Copy the lines below as they are; omit the images they contain.

→ **Collected material**
*** Begin section ***

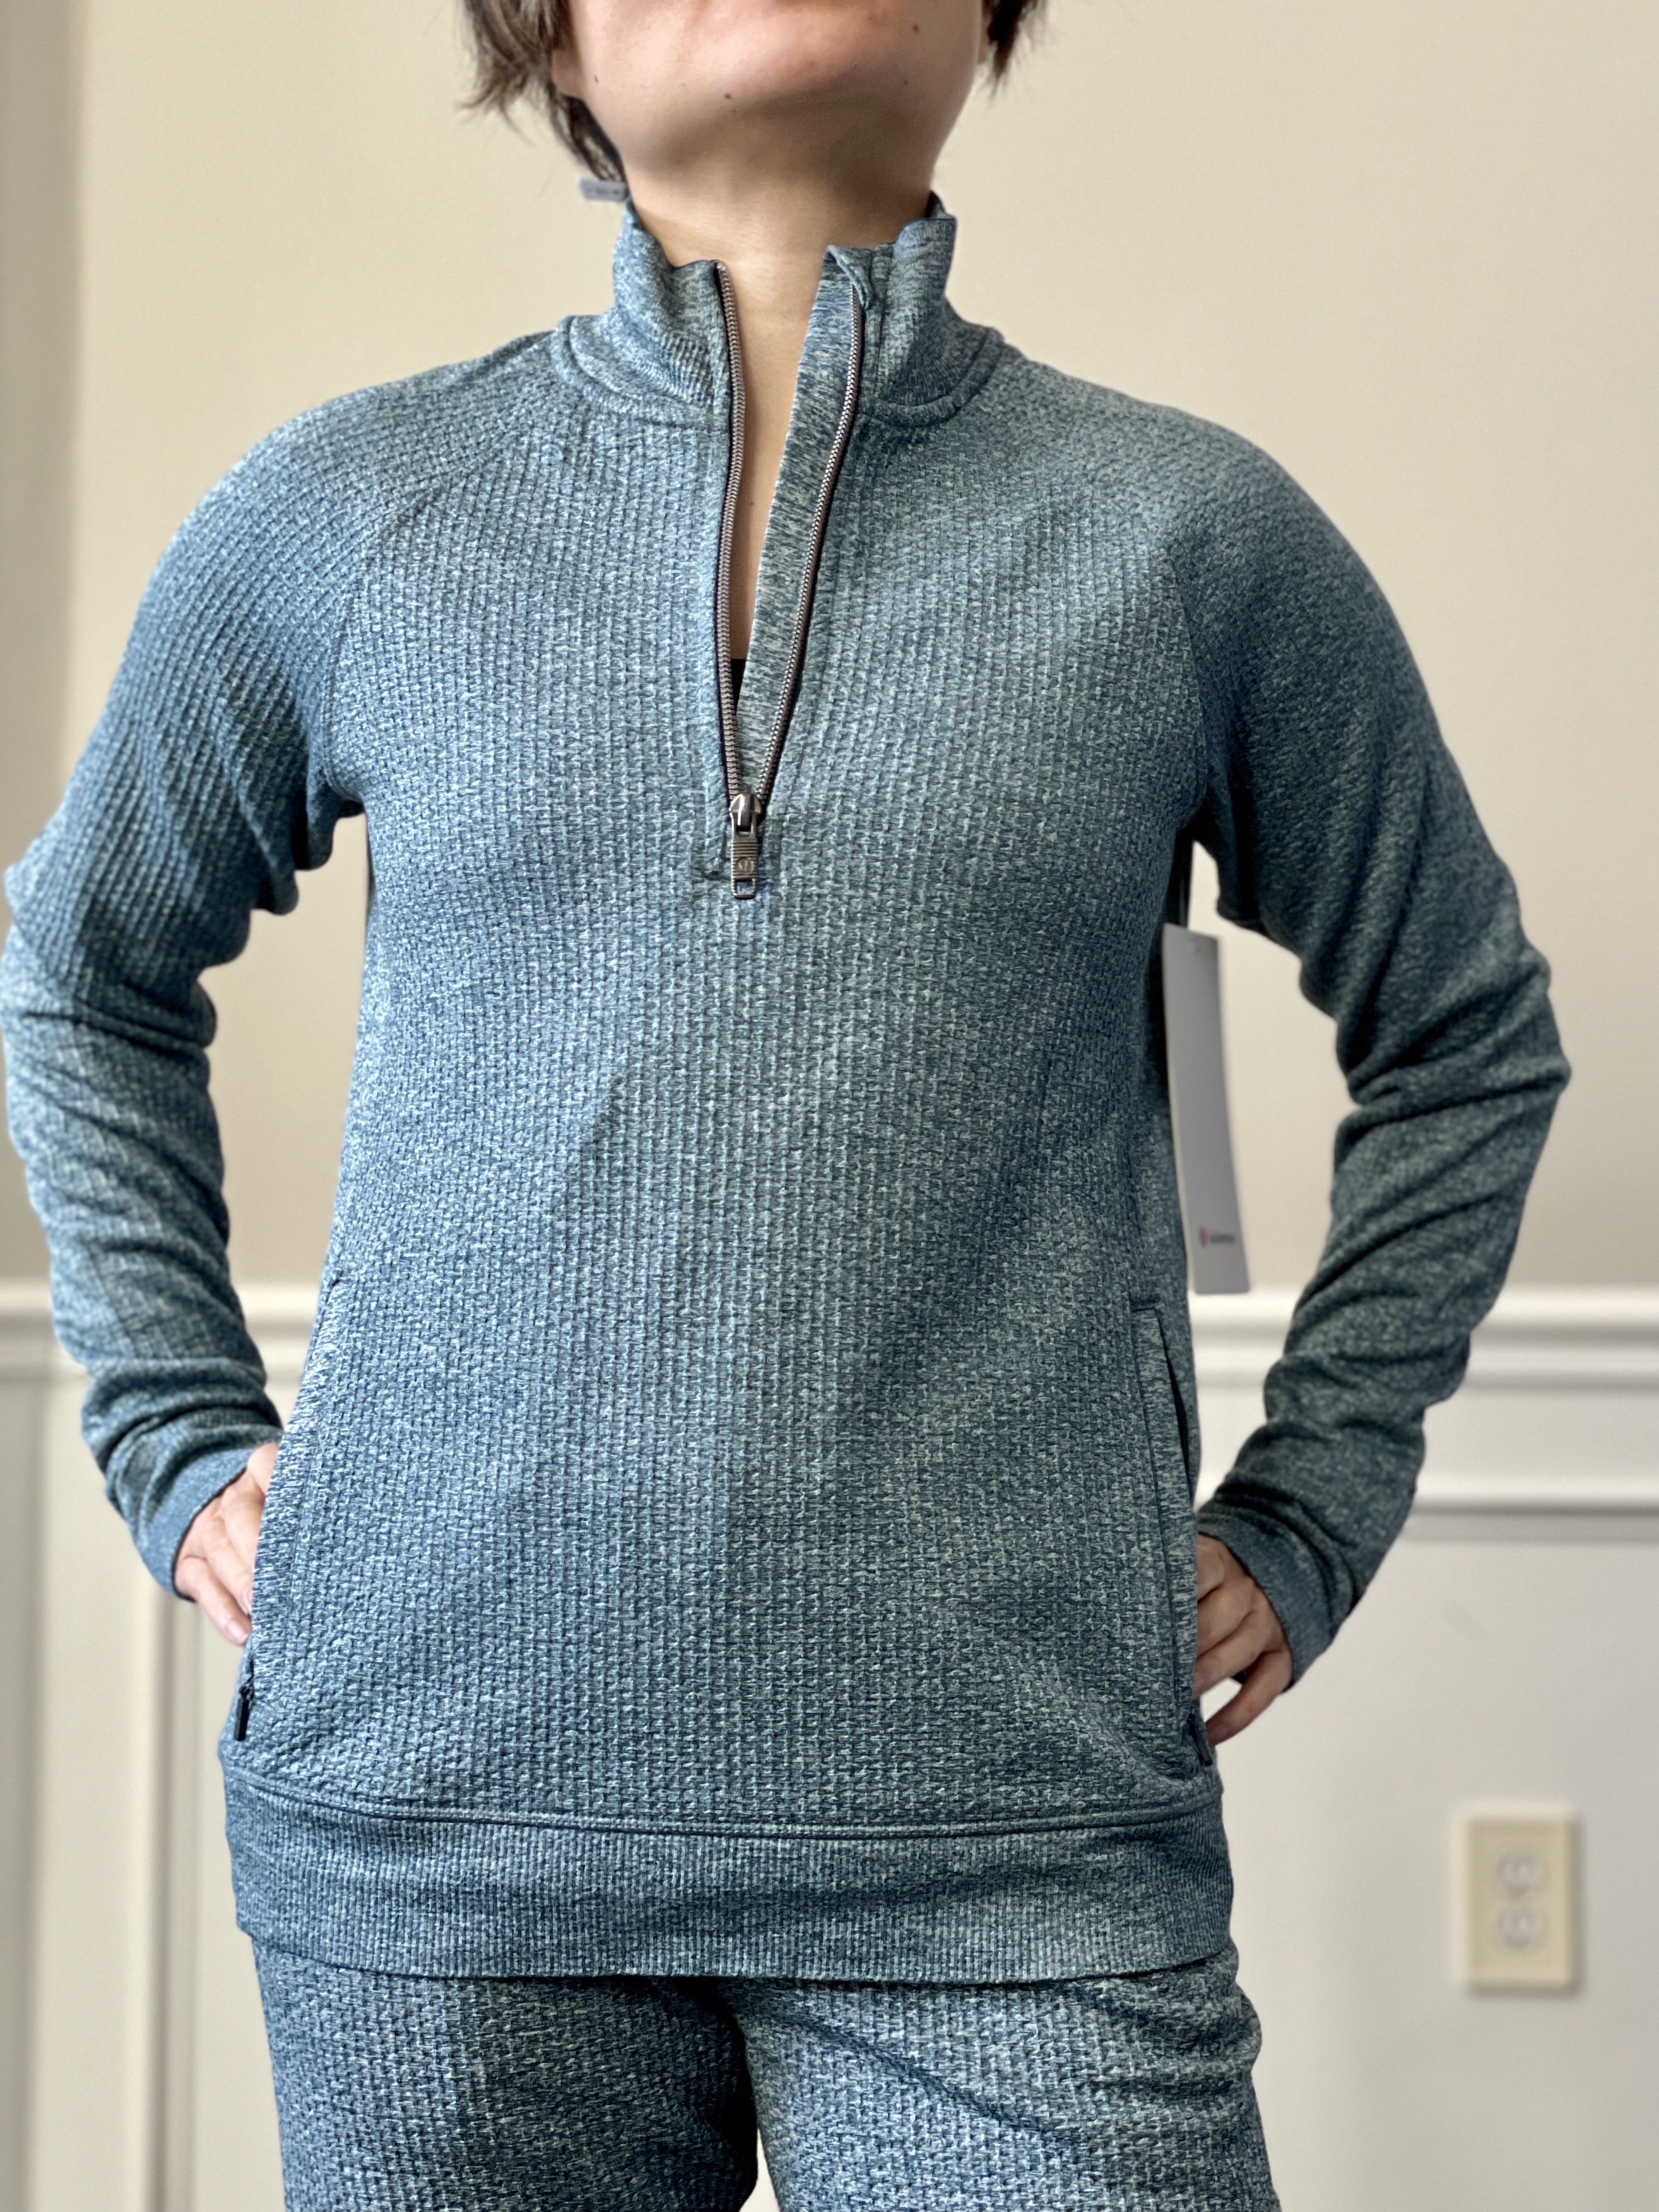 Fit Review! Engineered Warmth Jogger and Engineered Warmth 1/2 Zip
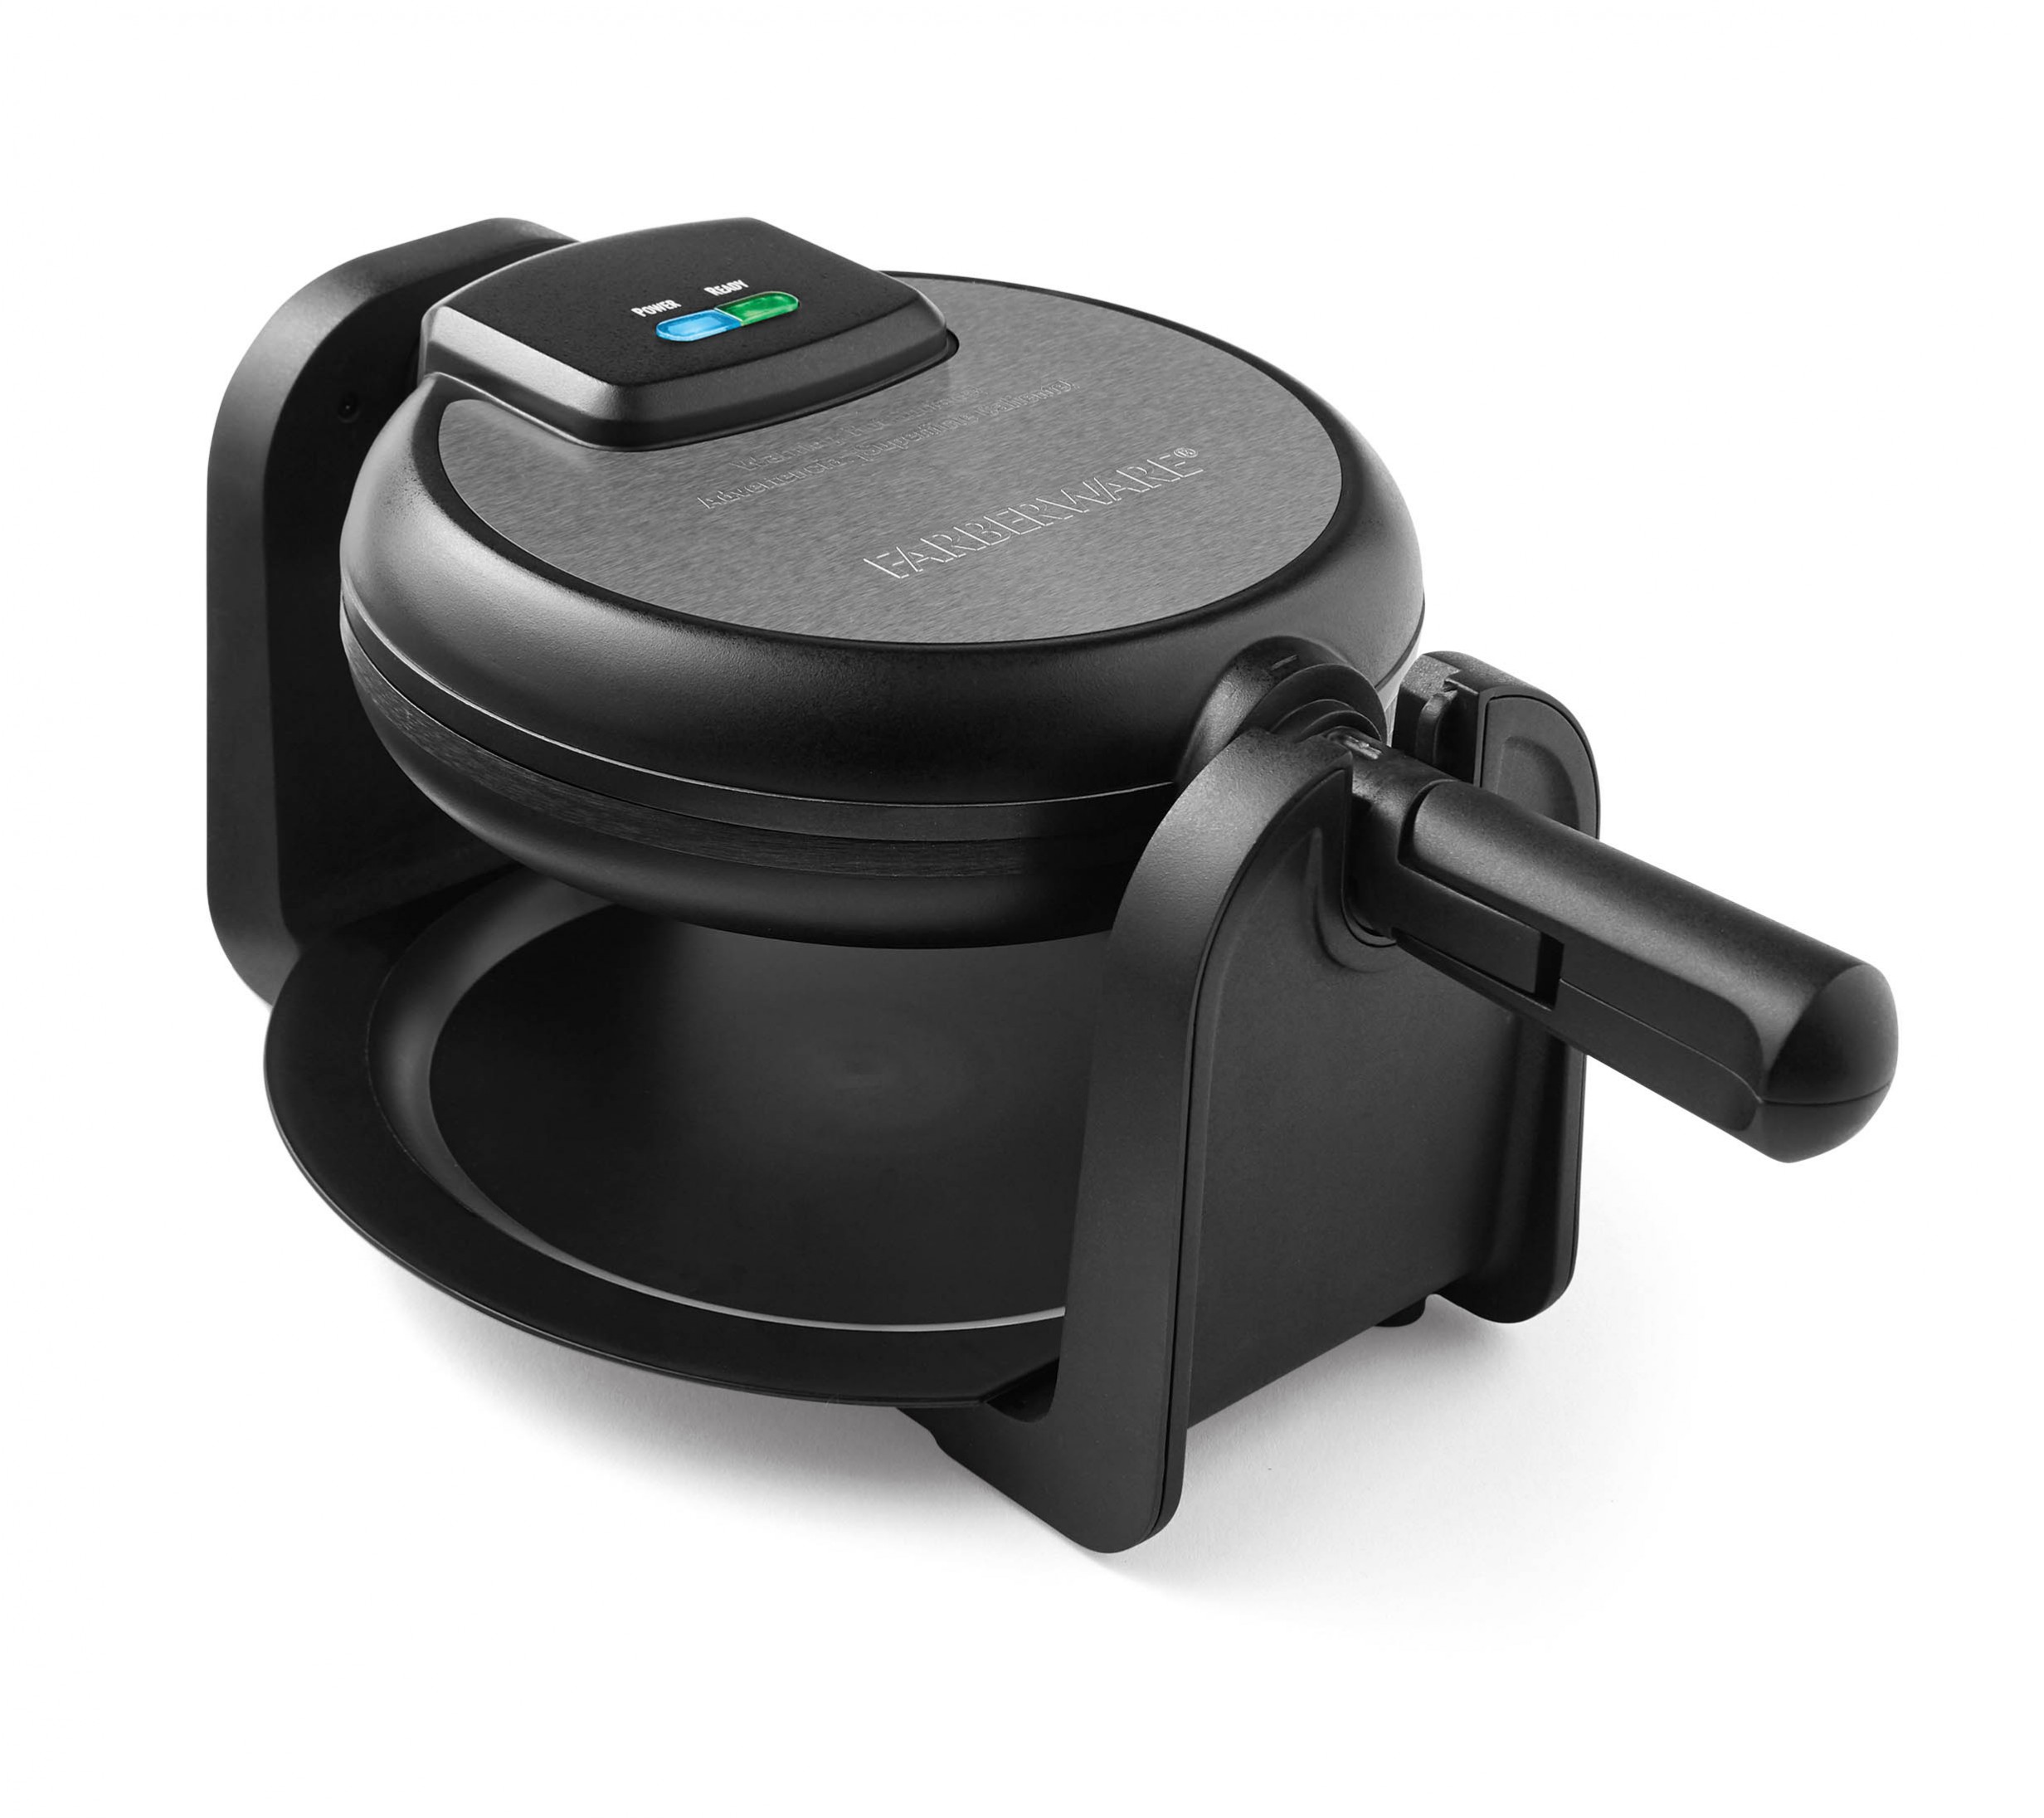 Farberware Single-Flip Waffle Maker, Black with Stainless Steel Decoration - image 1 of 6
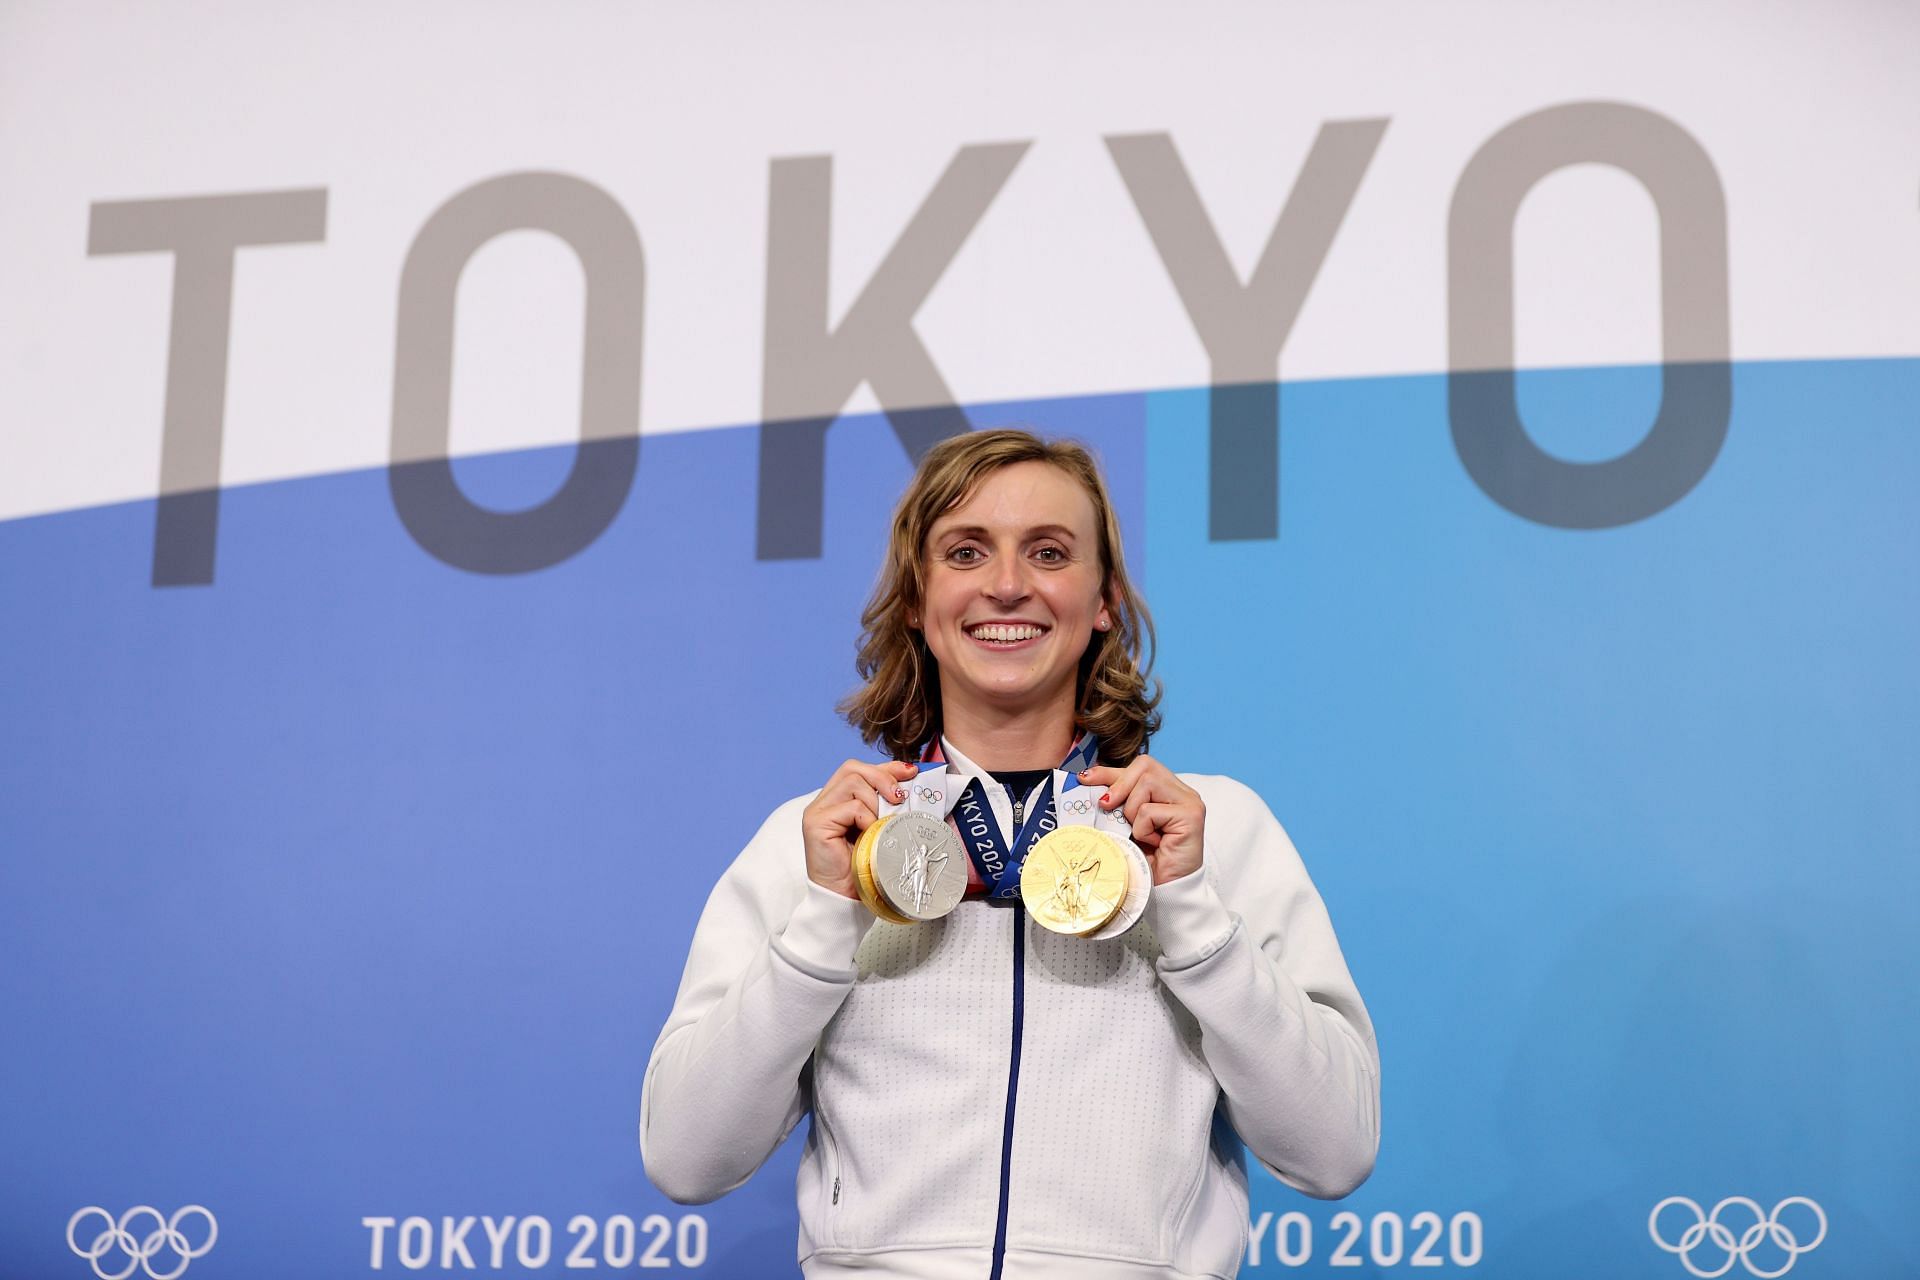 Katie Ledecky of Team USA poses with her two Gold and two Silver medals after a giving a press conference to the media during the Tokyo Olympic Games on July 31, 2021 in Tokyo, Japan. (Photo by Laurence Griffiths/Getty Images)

*** End section ***

→ **Solution to the exercise**
 Fit Review! Engineered Warmth Jogger and Engineered Warmth 1/2 Zip
 Farberware Single-Flip Waffle Maker, Black with Stainless Steel Decoration - image 1 of 6
 Katie Ledecky of Team USA poses with her two Gold and two Silver medals after a giving a press conference to the media during the Tokyo Olympic Games on July 31, 2021 in Tokyo, Japan. (Photo by Laurence Griffiths/Getty Images)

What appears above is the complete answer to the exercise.